Howell did not produce the ad, but later defended it. Kilgore spokesman Murtaugh would not comment on that ad specifically, but says, "We've always been of the view that voting records are completely fair game." Howell was hired, Murtaugh says, because he's the "best in the business." The Kilgore campaign refused to allow Style to interview Howell for this story.

Struble describes Howell's style in a sentence: "There's nothing too low to try." Struble says he doesn't expect the Virginia race to get quite as nasty as the Cleland-Chambliss race. But things are heating up.

Kaine has started airing ads on the same religious and rural-area radio stations as Kilgore, which is an unusual move, Kaine's Struble says. "We're not going to give an inch, and we're going to fight for every voter in the state."

As for Kilgore's team, "We'll have a very aggressive media operation that'll hopefully attract people with its positive viewpoints, messaging," Hutcheson said in late March. The back-and-forth has begun.

Kilgore's ads use several different narrators, like the man who intones, "Faith is measured by how we live our lives" like a Civil War battle film voice-over.

The Kaine folks picked up on it. In a Kaine ad titled "Weak," a woman's voice asks: "What is Jerry Kilgore afraid of? And why won't he speak for himself? Tim Kaine does." On a recently launched attack Web site,, the Kaine folks posted a brief sound clip of Kilgore from an earlier debate: "I have no duty to you, Mr. Lieutenant Governor," he says in a tense, high-pitched voice.

Kilgore's folks take that to mean Kaine is making fun of their candidate's accent and speaking style — and they staunchly defend him. "It's who he is," Murtaugh says. "The fact is, Jerry Kilgore's from Southwest Virginia. He's a real person from a real place. All Virginians are real people from real places."

Kaine's people contend Kilgore's team is jumping to conclusions and creating an issue where there is none.

Meanwhile, Kilgore's ads, and a recurring Web site series called "Kaine vs. Kaine," tag Kaine as an inconsistent liberal. "You ever wind up behind a car that has the right-hand blinker going the whole time?" says one recent ad. "He's telling you he's going right, and suddenly he turns hard to the left. Now that's what it's like being around Tim Kaine."

Expect more of the same.

The Potts campaign

Thomas J. D'Amore Jr., senior adviser to independent candidate Potts, watches with a shrug. The only conclusion D'Amore can draw, he says, is that both sides just have too much money to spend. Kaine had paid about $119,000 for radio and TV as of March 31. Kilgore had spent a little more than $91,000.

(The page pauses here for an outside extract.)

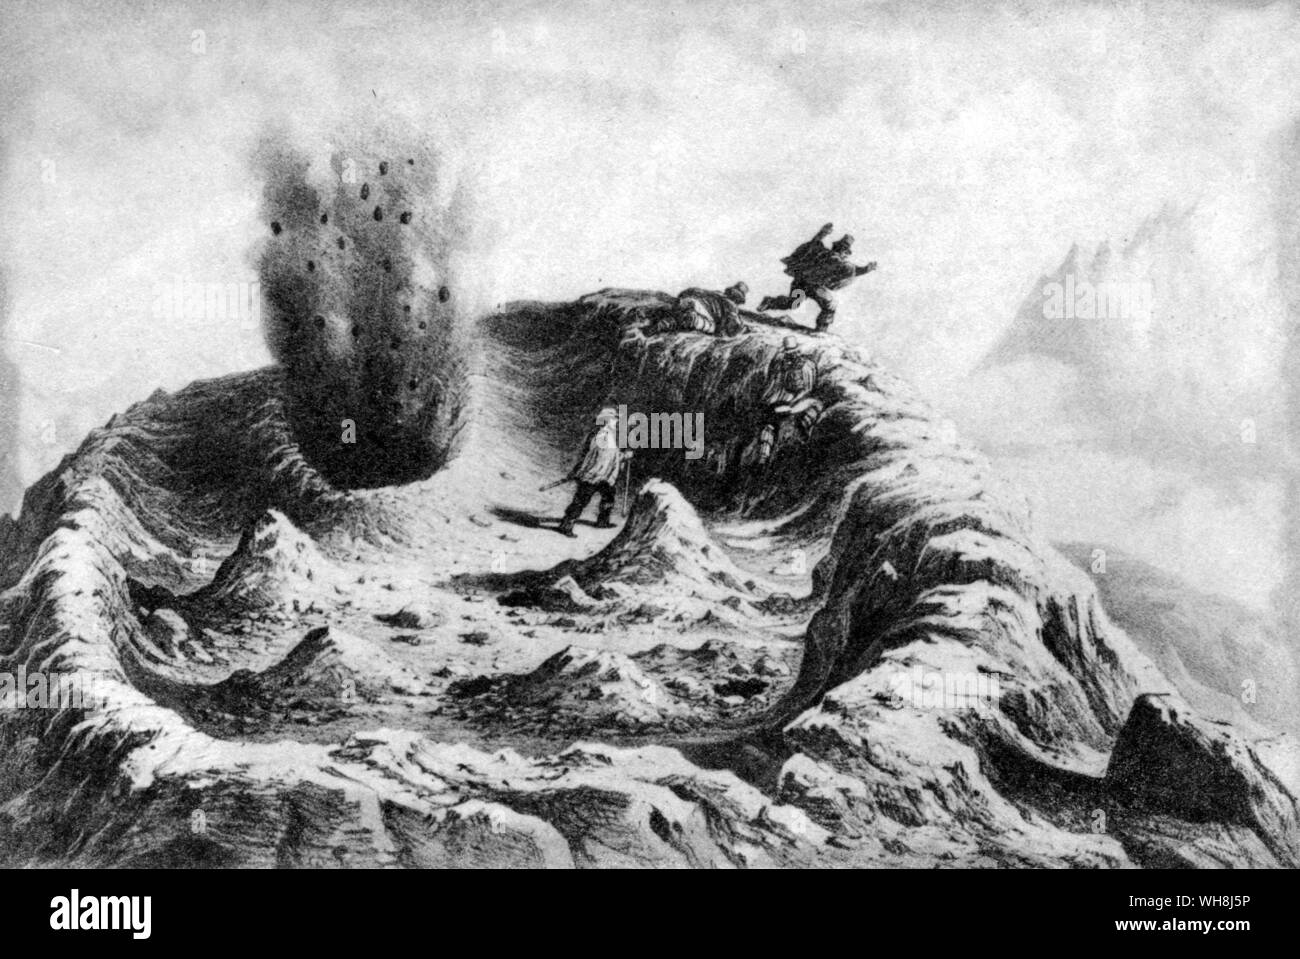 Der Krater des Vulkan Antuco am Beginn einer Eruption, 1854, von Pierre Frederic Lehnert. Darwin und der Beagle von Alan Moorhead, Seite 166. Stockfoto

"It's not very conservative thinking," D'Amore says. "It's wasteful. And they're not talking about anything real." What voters are thinking, he says, is "My goodness, are we going to have to listen to this for six or seven months? … Is there anyone out there who is taking a different approach to this?"

Potts is going to wait to get into the fray until voters are actually paying attention, D'Amore says. For now, the campaign's main concern is raising money and getting the 10,000 signatures required to be on the ballot. "That's what our total focus is now," D'Amore says. "We're confident that we're going to qualify."

Potts, a maverick senator who broke away from the Republican Party to run for governor, has a lean campaign. Forget having a hive of handlers — Potts has D'Amore for strategy, a handful of young volunteers and loyal aides, and a 21-year-old political director, Adam Piper.

The last day of April, Piper finished his final exam at the University of South Carolina, where he's a junior, packed his Jeep and drove to Virginia. "It's been nonstop since then," he says.

Piper knows he's facing off against campaign experts with decades of experience, but he remains unfazed. "In some ways, not being jaded by twenty years of campaigns and being stagnant is an advantage," he says. "This campaign, it's not about things that happened twenty years ago, it's about the future."

And, Piper says, "I love yard signs." He's excited, he says, about knocking on doors, handing out flyers, "about doing the things that need to be done to get someone elected."

D'Amore was introduced to the would-be governor by Lowell P. Weicker Jr., a former U.S. senator who was elected governor of Connecticut in 1990. He was, D'Amore says, "the first governor elected in modern times as an independent." And the next, D'Amore believes, will be Potts.

D'Amore has a history of helping independent candidates, including former pro wrestler turned Minnesota Gov. Jesse Ventura and Colorado Gov. Richard Lamm, who challenged Ross Perot for the 1996 Reform Party nomination for president. Potts had paid D'Amore about $32,000 for work as of March 31.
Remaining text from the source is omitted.